Can Dogs Experience Jealousy?
Anyone who thinks dogs can’t feel jealousy has never met my dog. My French Bulldog, Huggs, is very well-behaved. Trained as therapy dog, he is quiet and low-key, that is until you are not paying “enough” attention to him. He is well known in the family for wanting something anytime you are doing anything else. Whether that means climbing onto your newspaper or casually leaning backwards across your lap so you can’t possibly use your laptop, making dolphin-esque noises when you stop touching him, or squeezing himself between my husband and I, he is either extraordinarily jealous, or the biggest attention-whore known to dog-kind, or both. I’ll go with both.
As a kid we had Simon the Lhasa Apso who was happy as can be until we introduced our second dog, a Shih Tzunamed Wally. When Simon wasn’t hiding under the bed in protest, he took to stealing things from the bedrooms and would run by tossing it in the air so everyone would come after it and away from whatever adorable thing Wally was doing. Was he jealous? If he was a kid, we probably would have sat down with him and told him that we loved him and his new brother equally and they get the same amount of attention. But if you are a first born child, you probably felt what Simon felt: that it simply wasn’t true (did I mention I’m the baby of my family?)

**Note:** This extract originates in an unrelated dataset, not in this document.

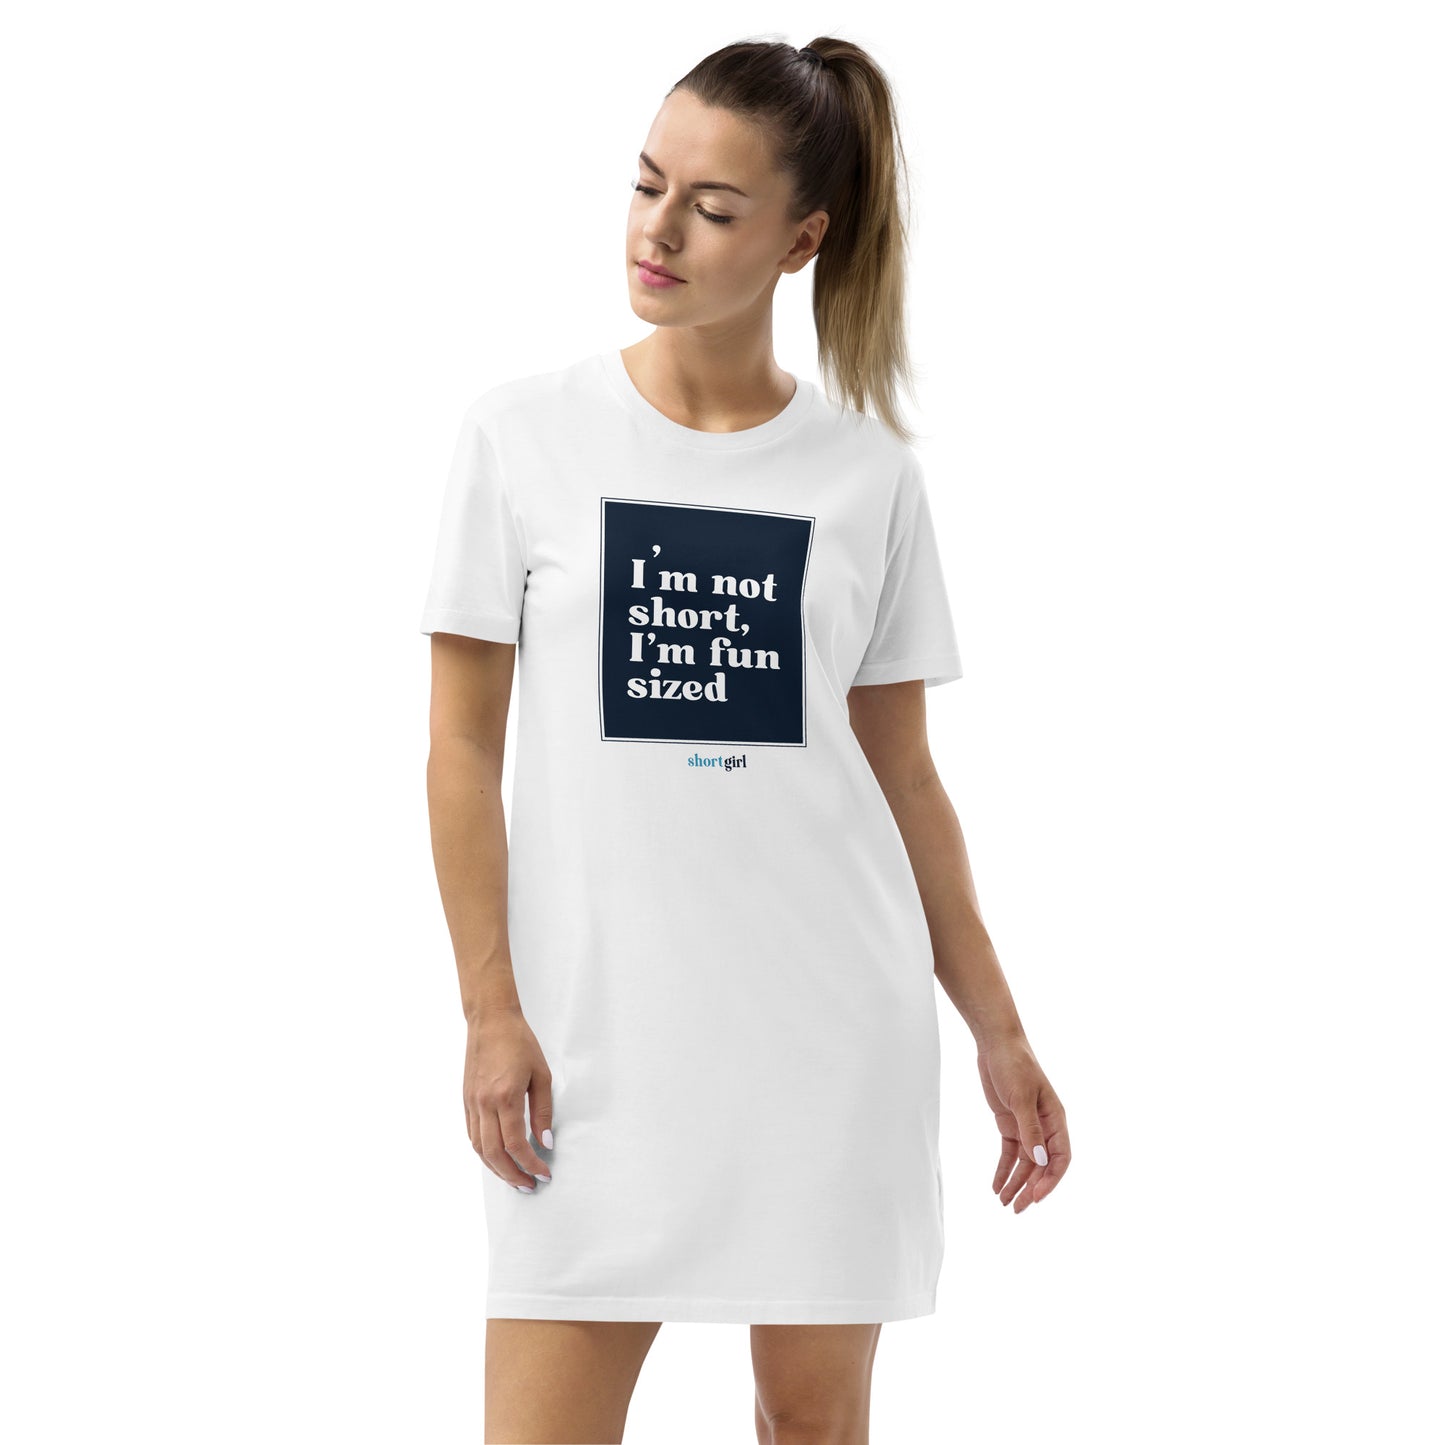 Organic cotton t-shirt dress - I'm not short, I'm fun sized

I actually had this discussion about dogs and jealousy with my family just the other day. The common consensus was that jealousy is a complex emotion and therefore reserved for human feeling (and squabbling,) not something dogs would concern themselves with. But a new study from PLOS ONE, might make you rethink how dogs think.
Adapting a test that has been used to determine jealous behavior in human infants, Psychologists from the University of California, San Diego researchers were able to determine that dogs do in fact feel jealous.
Researchers videotaped 36 small breed dogs reacting to their owners ignoring them and instead displaying affection to an animated, stuffed dog that barked, whined and wagged its tail. During these interactions with the plush pet, over three-quarters of the real dogs pushed or touched their owners. The dogs also made attempts to get in between the stuffed animal and the owners, or went as far as to growl at the imposter.
The findings mirror those of studies of 6-month-old babies who had jealous reaction to their moms interacting with a doll, but were less concerned about moms interacting with a book.
Psychologist Christine Harris, who led the study, says she’s been studying jealousy for many years — but in humans.
So what does she think of the dogs?
The fact that these dogs seemed like they were trying to draw their owners away from the stuffed animal indicates that they’re feeling something very similar to human jealousy, Harris says.
But in the end (as convincing as it seems) the study still doesn’t prove that dogs feel jealousy. “The problem is that [the researchers] didn’t look at how dogs would react just to those objects,” Laurie Santos , director of the Canine Cognition Center at Yale University tells NPR. Jealousy is a complex emotion. If we find out that dogs feel the same way, “either jealousy is less complicated because animals show it, or animals are more complicated than we thought.”
While the study might not be conclusive, there is no doubt that whether your call it jealousy, fear or sadness, dogs feel something when someone or something gets in the way of the love and attention they deserve. This site is filled with information helping dogs to adjust to life changes and additions of new family members, be it human, dog or other. Just like with humans, some dogs are likely to feel the pull of emotions greater than others.